Num desses dias à tarde, fui visitar os estudantes que ocupam a reitoria da Ufpi desde o mês de outubro. Eles lutam contra a PEC 241 (que no Senado passa a ser a 55), Proposta de Emenda à Constituição que reduz as verbas para a educação, e a Reforma do Ensino Médio, que retira disciplinas fundamentais na formação acadêmica da garotada, tais como Filosofia, Sociologia, Artes e Educação Física. Ao contrário dos que afirmam que esses jovens não sabem de nada, tese preconceituosa e absurda, a garotada demonstra, pelo que constatei lá, no campus de Teresina, saber mais de seus interesses e demandas do que nossos governantes e representantes parlamentares em Brasília. A fala da estudante Ana Júlia, na Assembleia Legislativa do Paraná, que repercutiu dentro e fora do Brasil, é um inequívoco exemplo dessa consciência política.

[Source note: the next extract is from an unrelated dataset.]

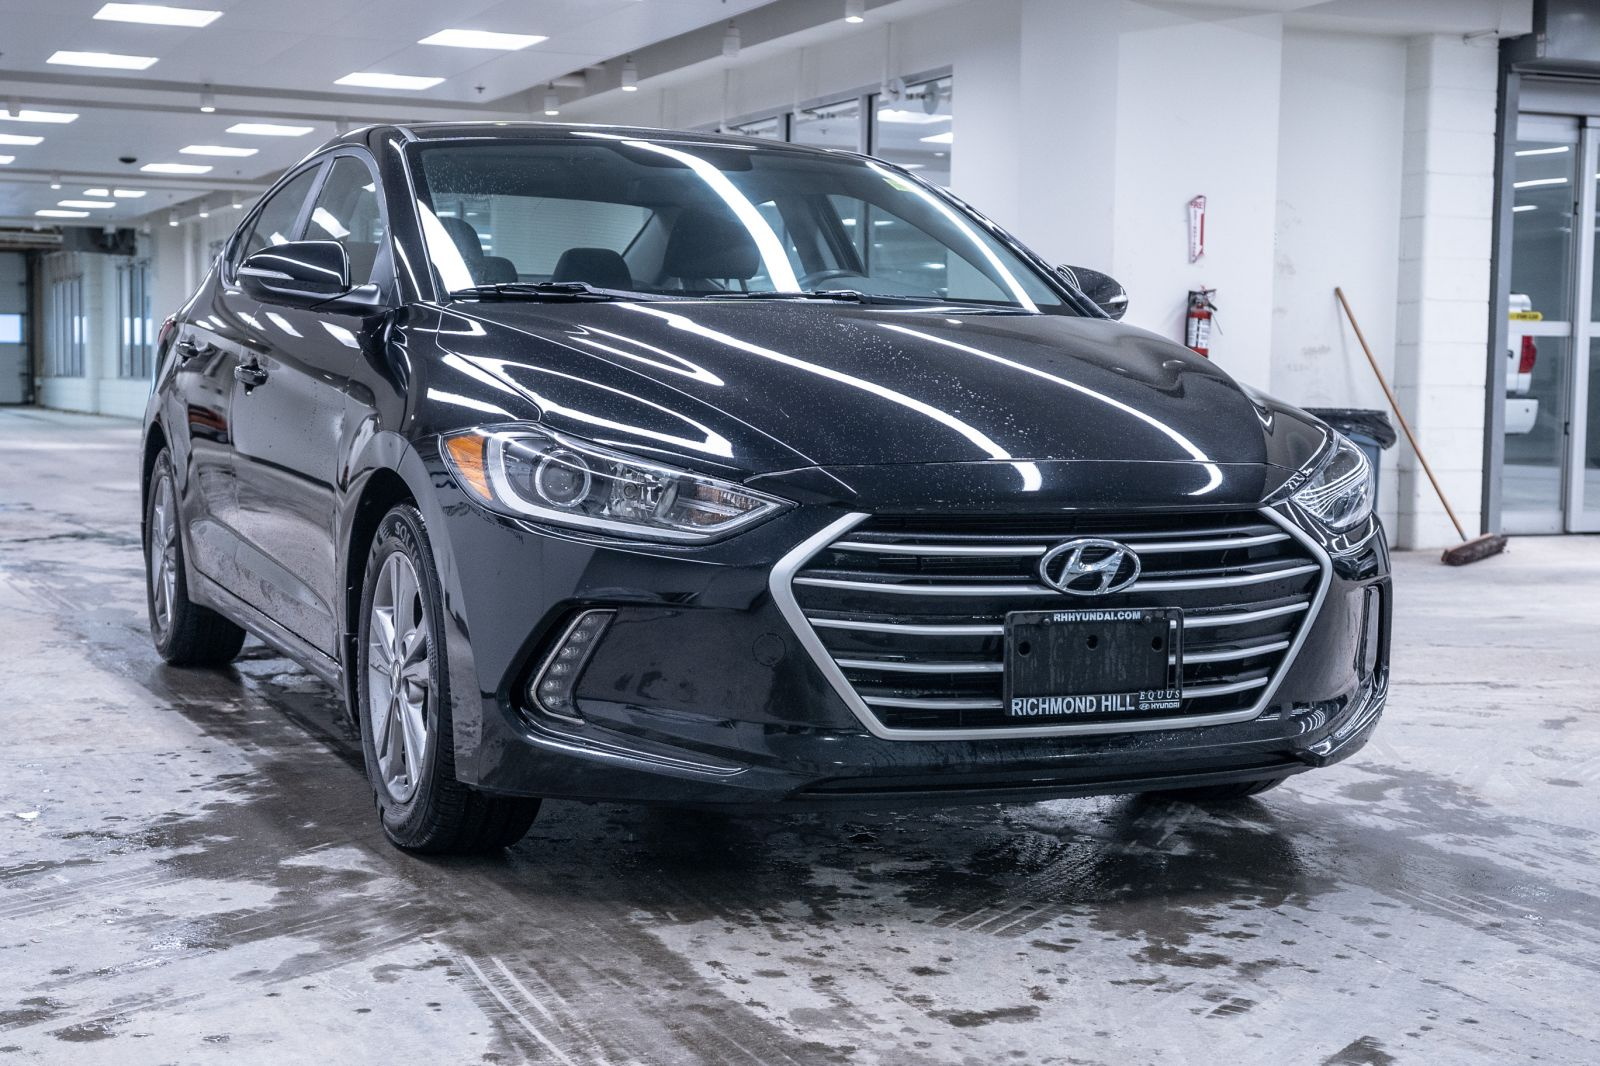 2017 Hyundai Elantra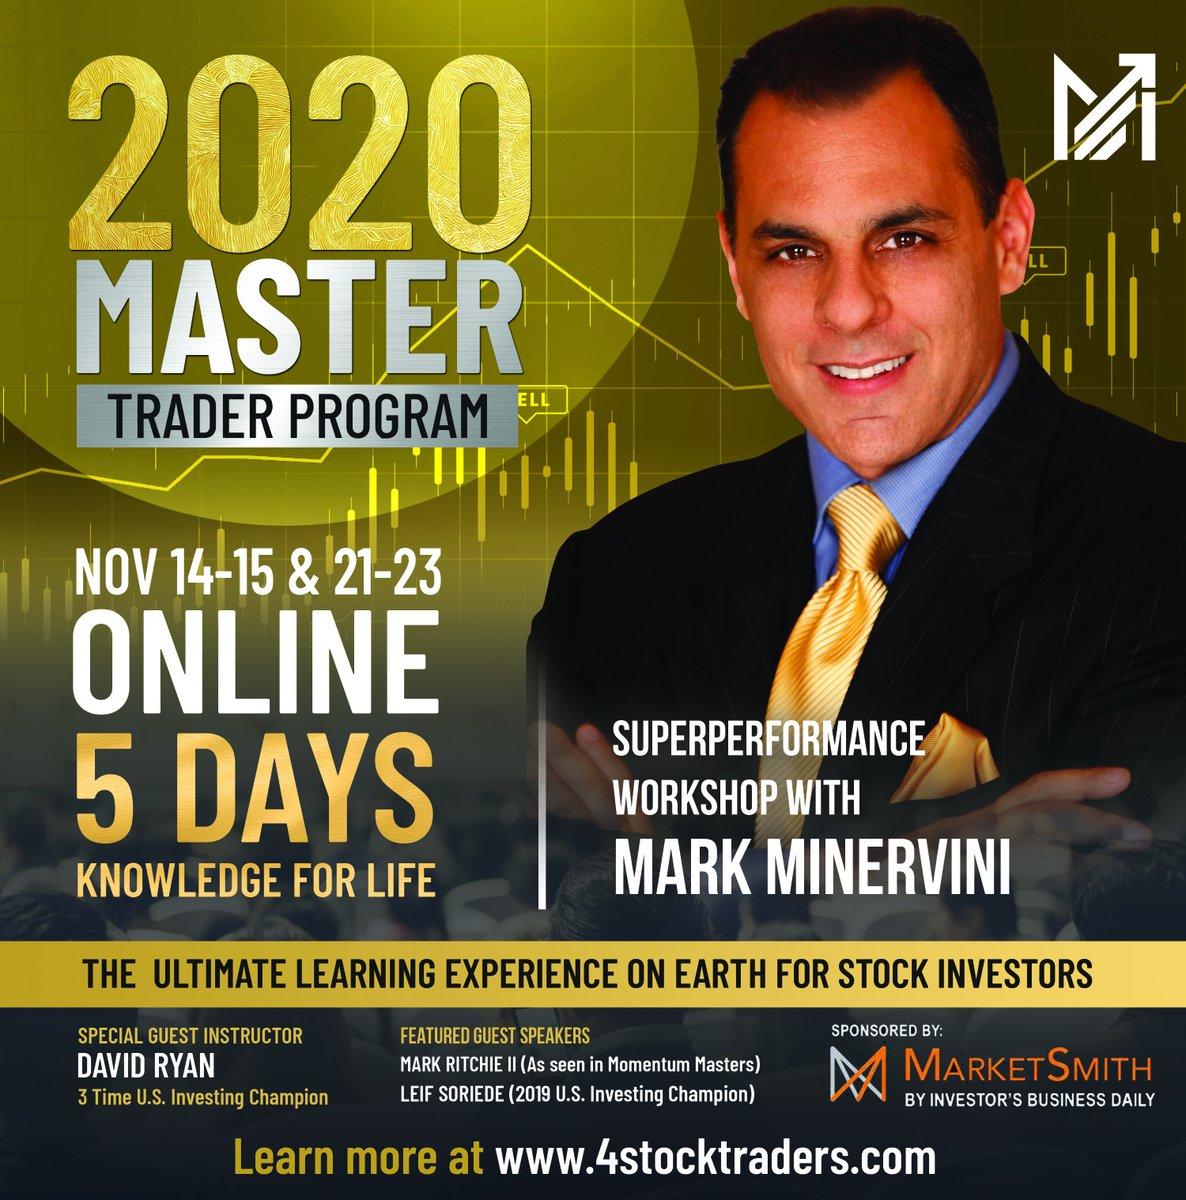 Mark Minervini – 5-Day Master Trader Program ONLINE EVENT

Como professor e ex-líder estudantil, não poderia deixar de levá-los minha solidariedade neste momento em que as conquistas educacionais dos últimos anos estão severamente ameaçadas. Onde se viu cortar recursos e abolir matérias essenciais em área tão estratégica para o desenvolvimento do Brasil? E o que é mais lamentável, sem uma ampla e democrática discussão com os verdadeiros protagonistas desse setor: alunos, professores e pais. Na década de 80 do século passado, minha geração ousou lutar também contra os que insistiam em sucatear, a fim de privatizar, a educação pública nacional, uma vez que as elites da época diziam, como dizem agora, que “universidade é para quem pode pagar”. Enquanto muitos não acreditavam, fomos à luta e garantimos muitas vitórias: concurso para professores e funcionários (acabando de vez com as indicações políticas), casas universitárias, bibliotecas e laboratórios de qualidade, transporte decente, eleição direta para reitor e chefes de departamentos e o restaurante universitário (RU) servindo boas refeições.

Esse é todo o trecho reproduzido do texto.